Task goal: Copy each line below exactly as it appears. Pictures are to be omitted.

The data section start

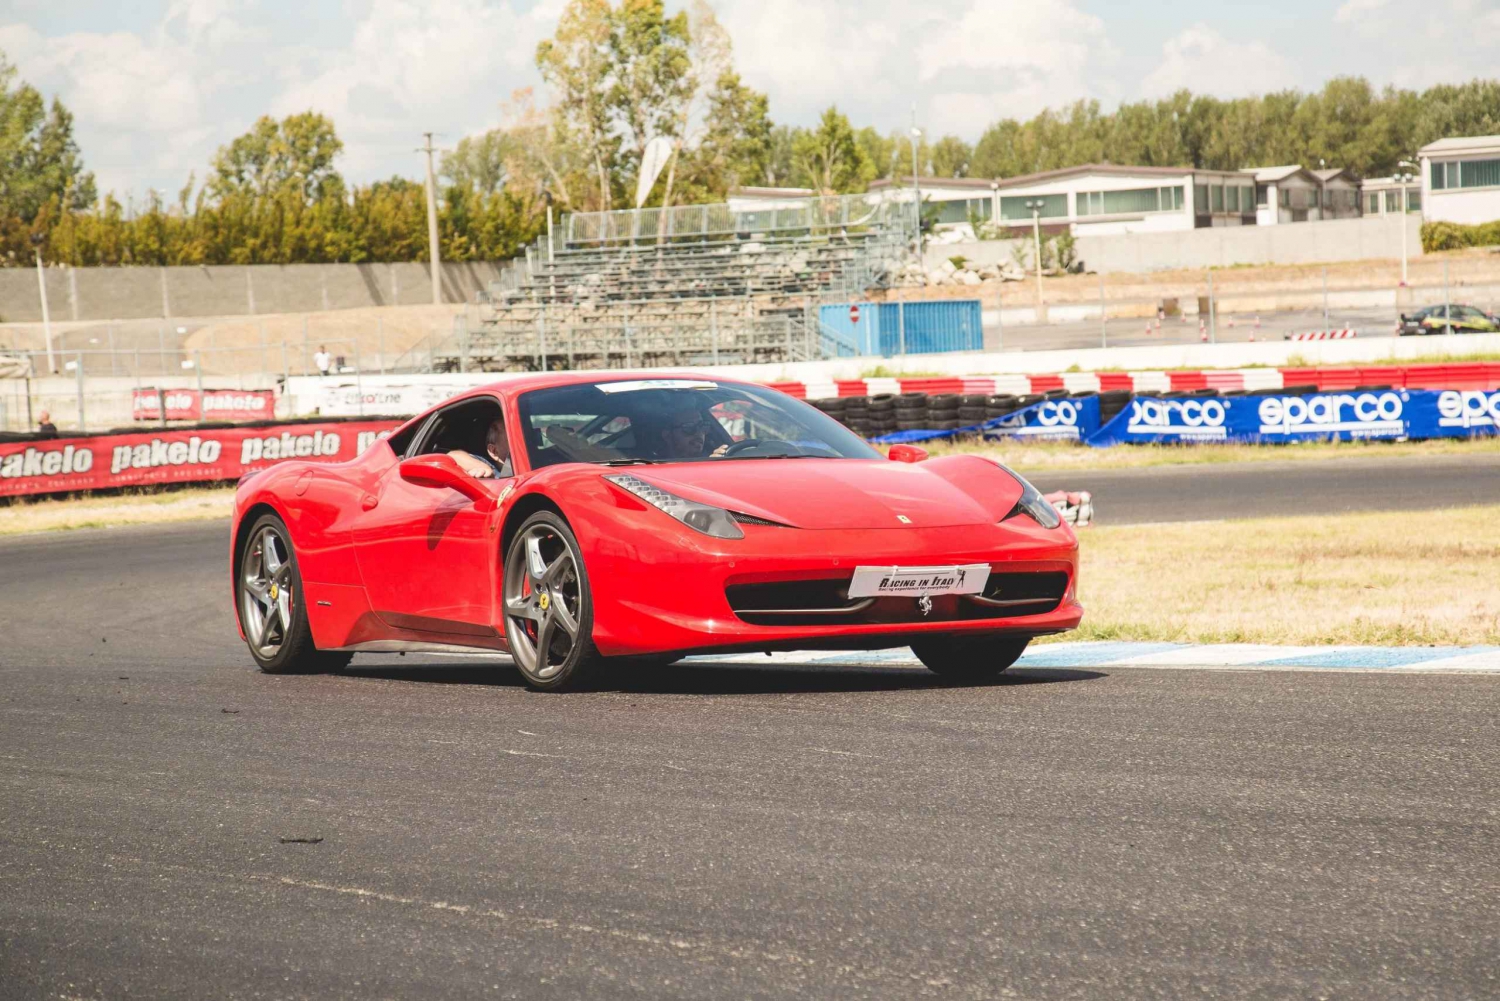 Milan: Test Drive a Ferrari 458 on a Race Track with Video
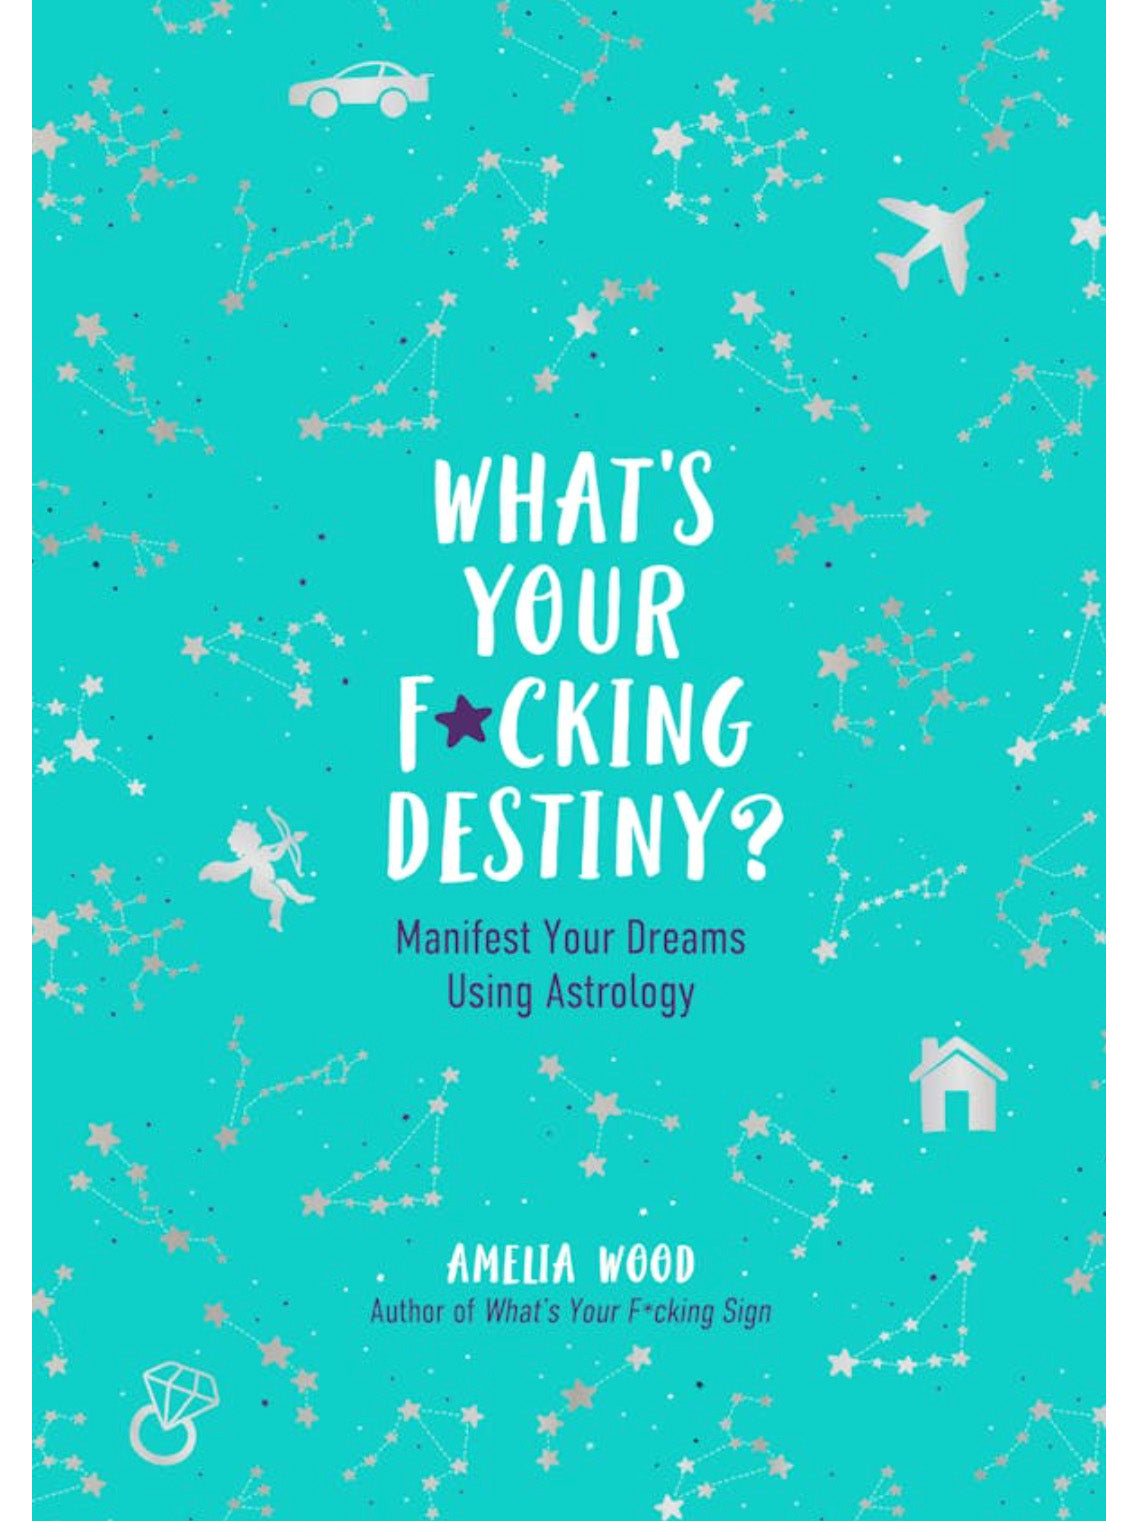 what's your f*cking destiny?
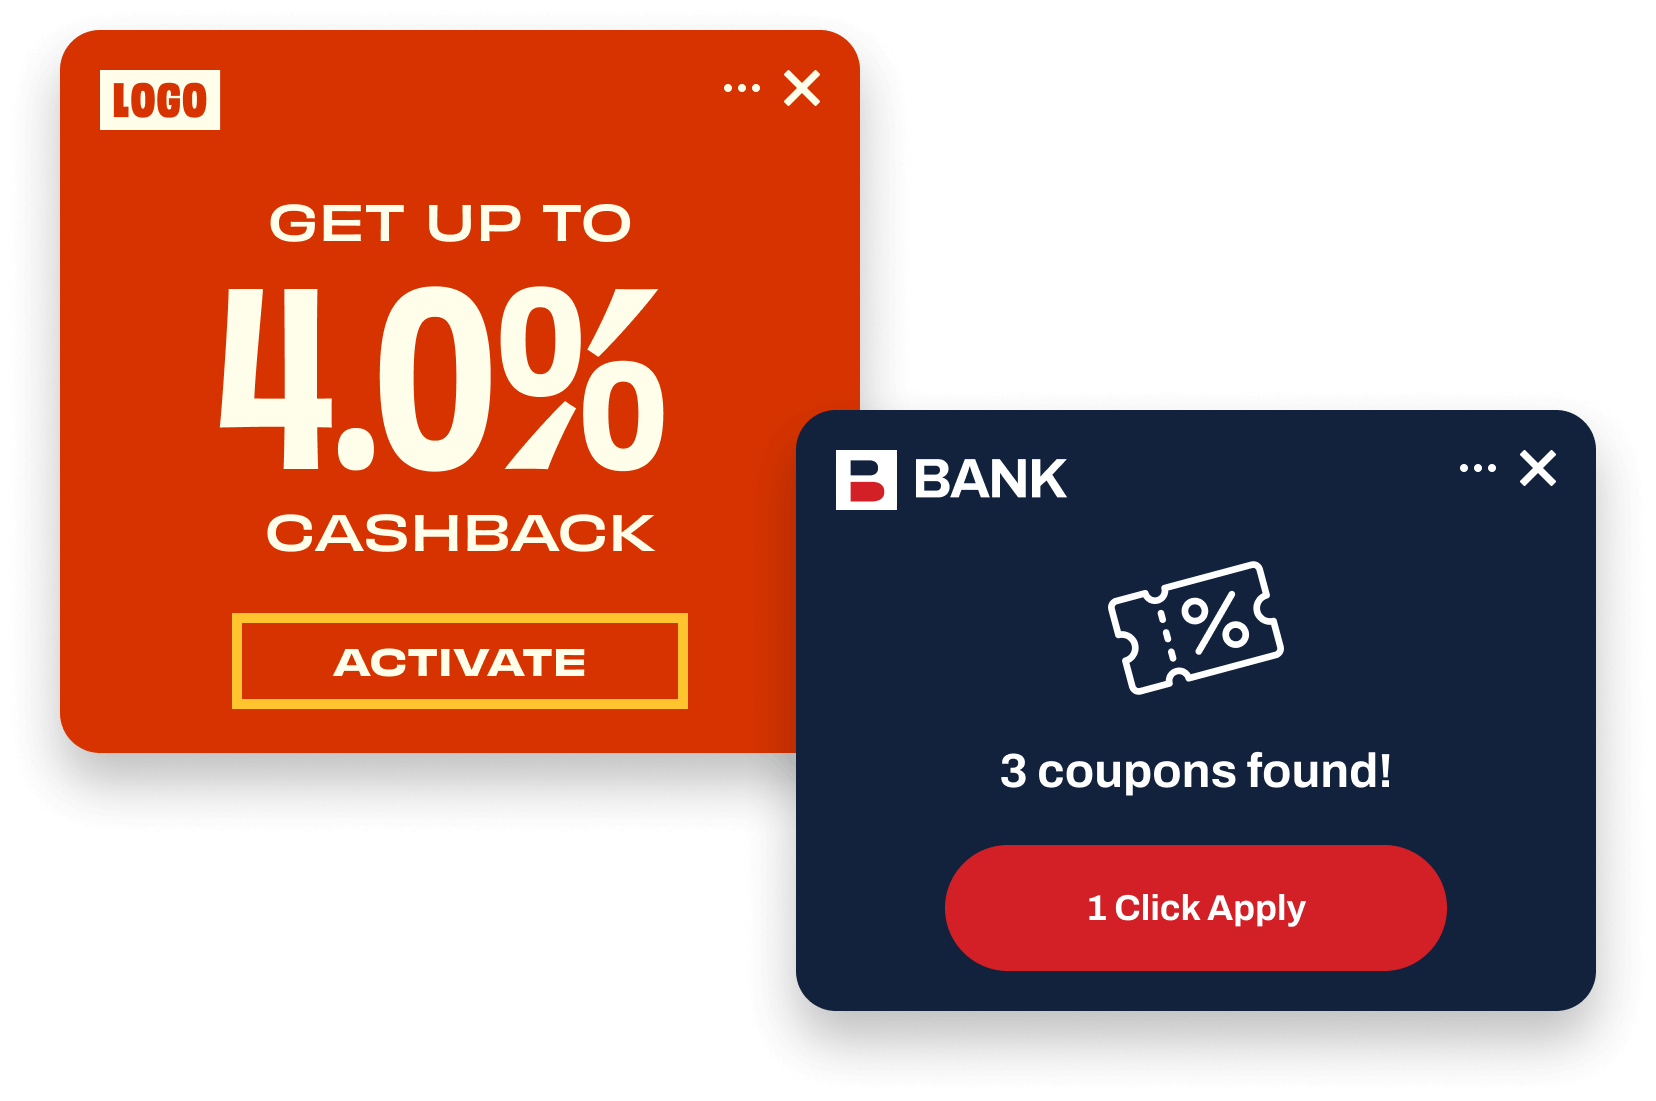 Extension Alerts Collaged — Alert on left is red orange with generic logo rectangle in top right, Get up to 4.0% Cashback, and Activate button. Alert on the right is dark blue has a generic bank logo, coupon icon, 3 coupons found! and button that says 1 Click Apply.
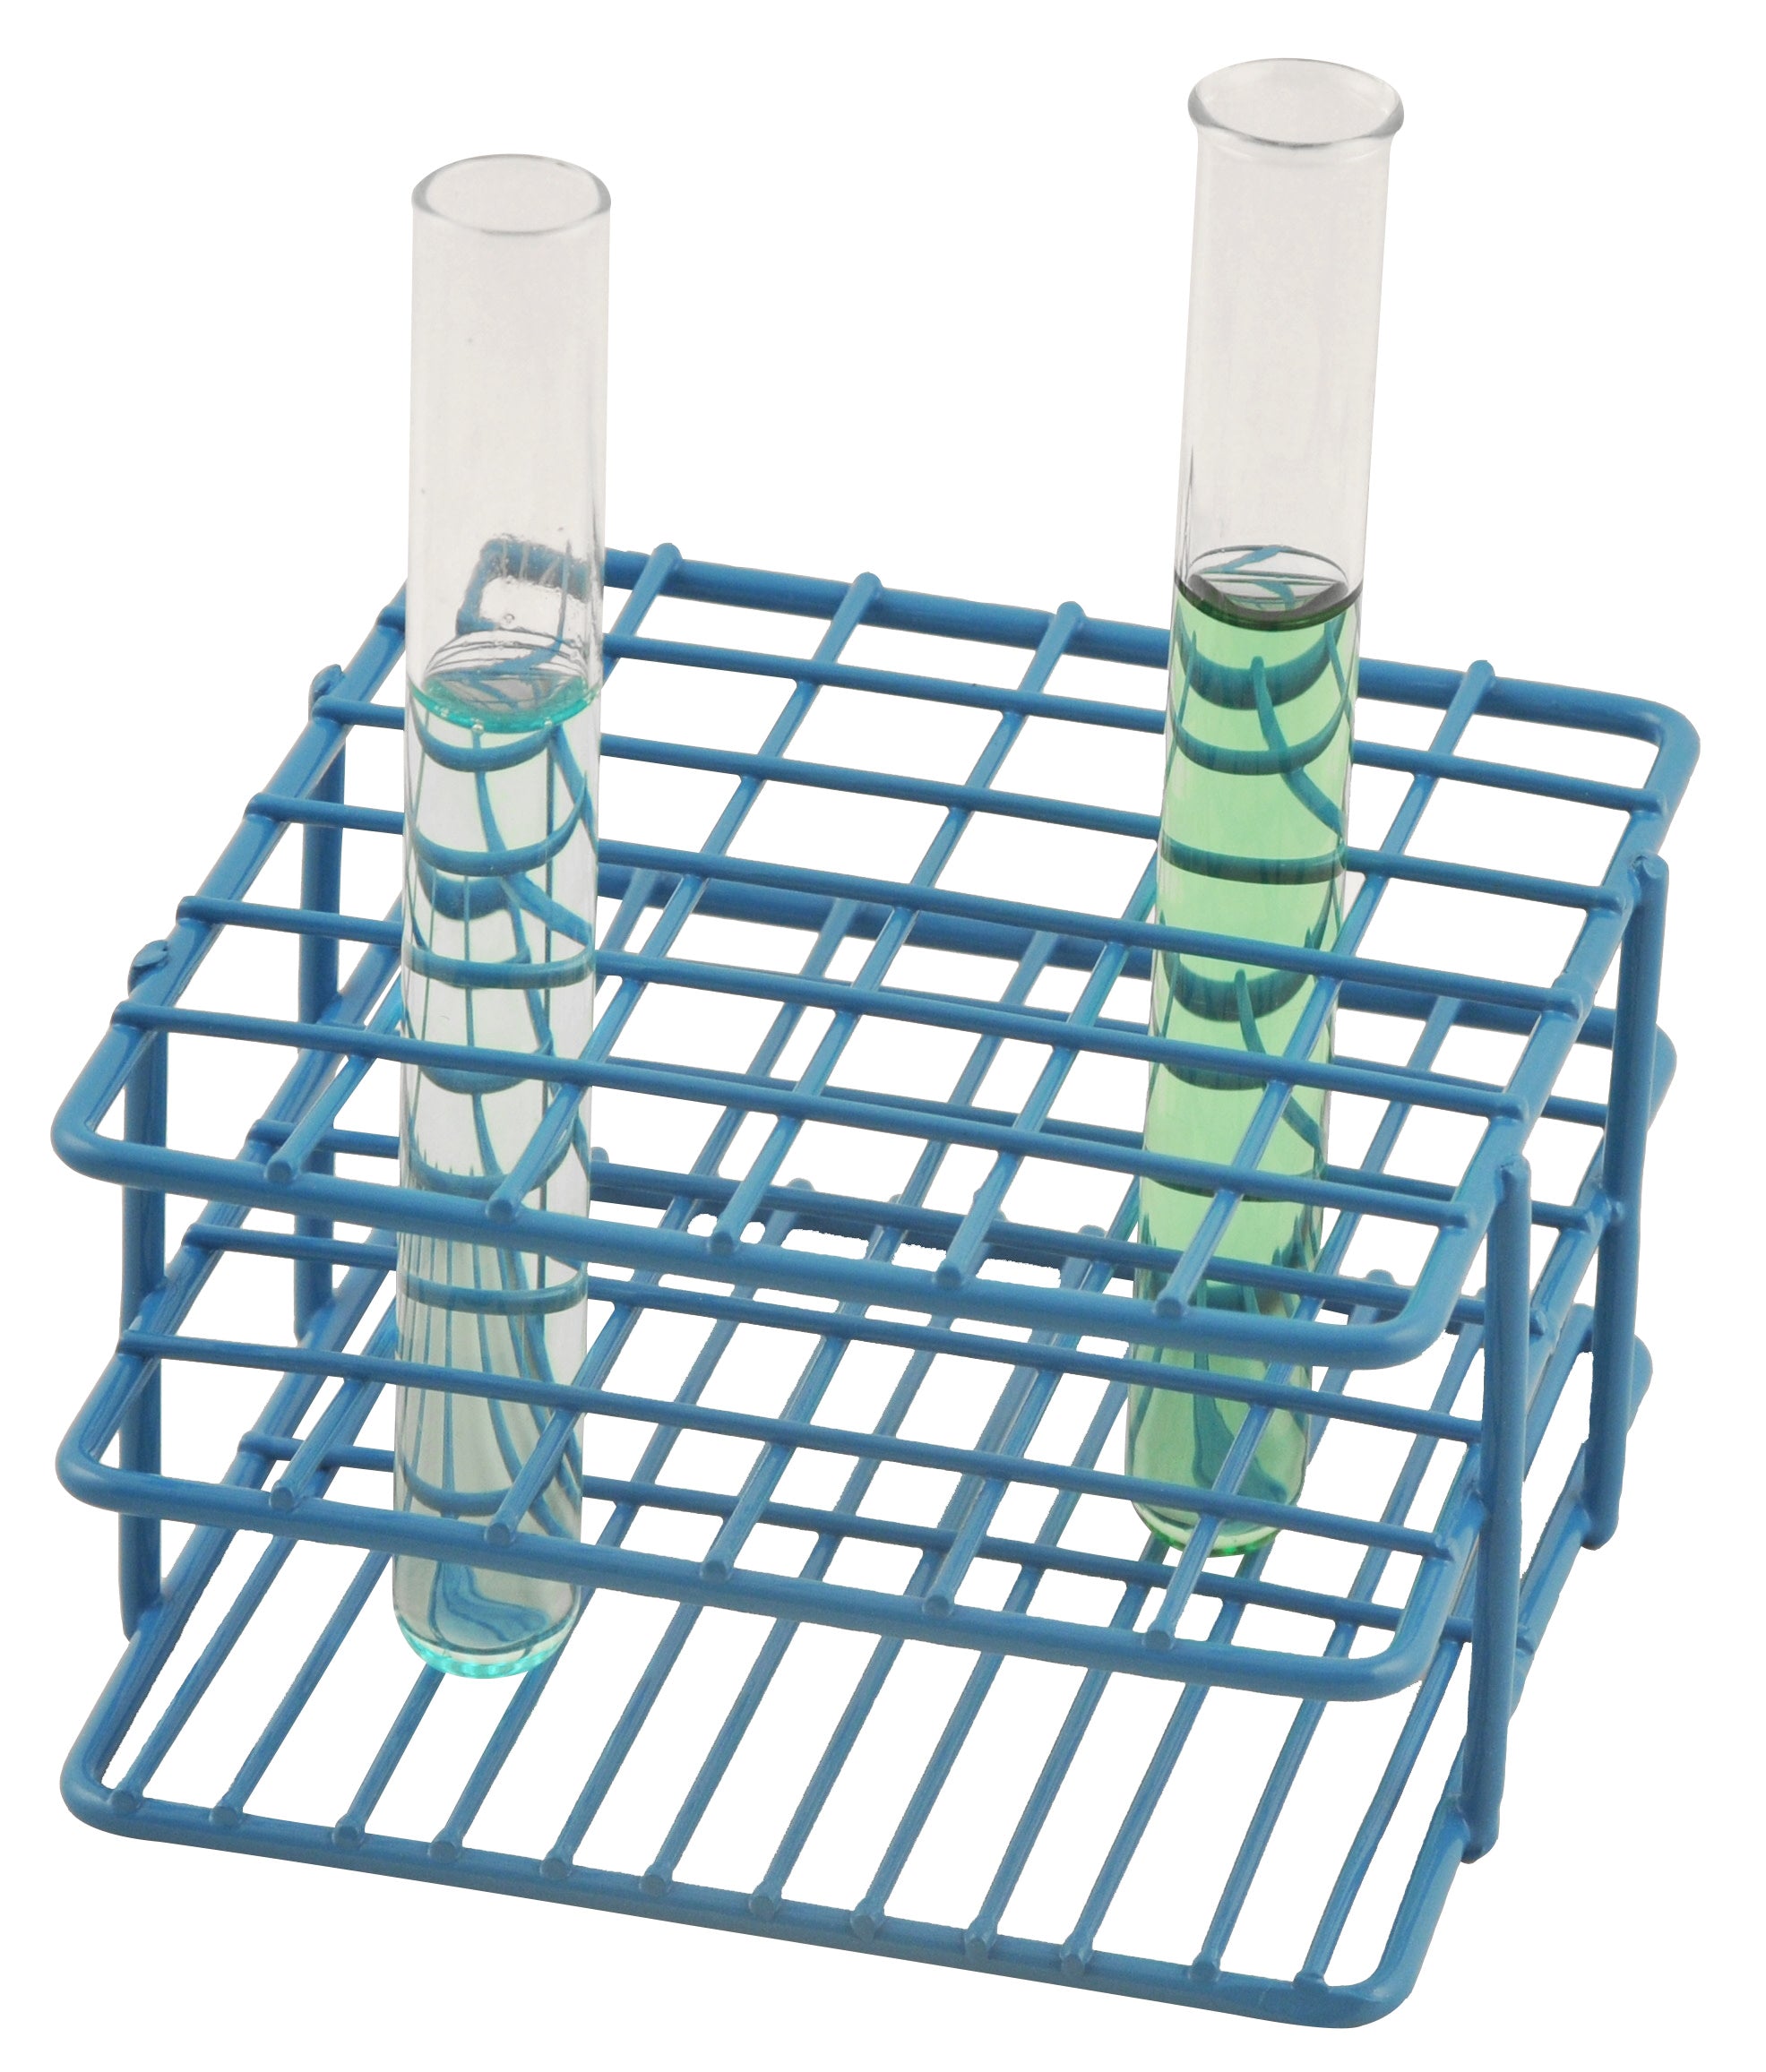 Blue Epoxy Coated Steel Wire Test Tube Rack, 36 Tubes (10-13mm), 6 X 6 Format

The data section end

Solution for this problem:
 Milan: Test Drive a Ferrari 458 on a Race Track with Video
 what's your f*cking destiny?
 Extension Alerts Collaged — Alert on left is red orange with generic logo rectangle in top right, Get up to 4.0% Cashback, and Activate button. Alert on the right is dark blue has a generic bank logo, coupon icon, 3 coupons found! and button that says 1 Click Apply.
 Blue Epoxy Coated Steel Wire Test Tube Rack, 36 Tubes (10-13mm), 6 X 6 Format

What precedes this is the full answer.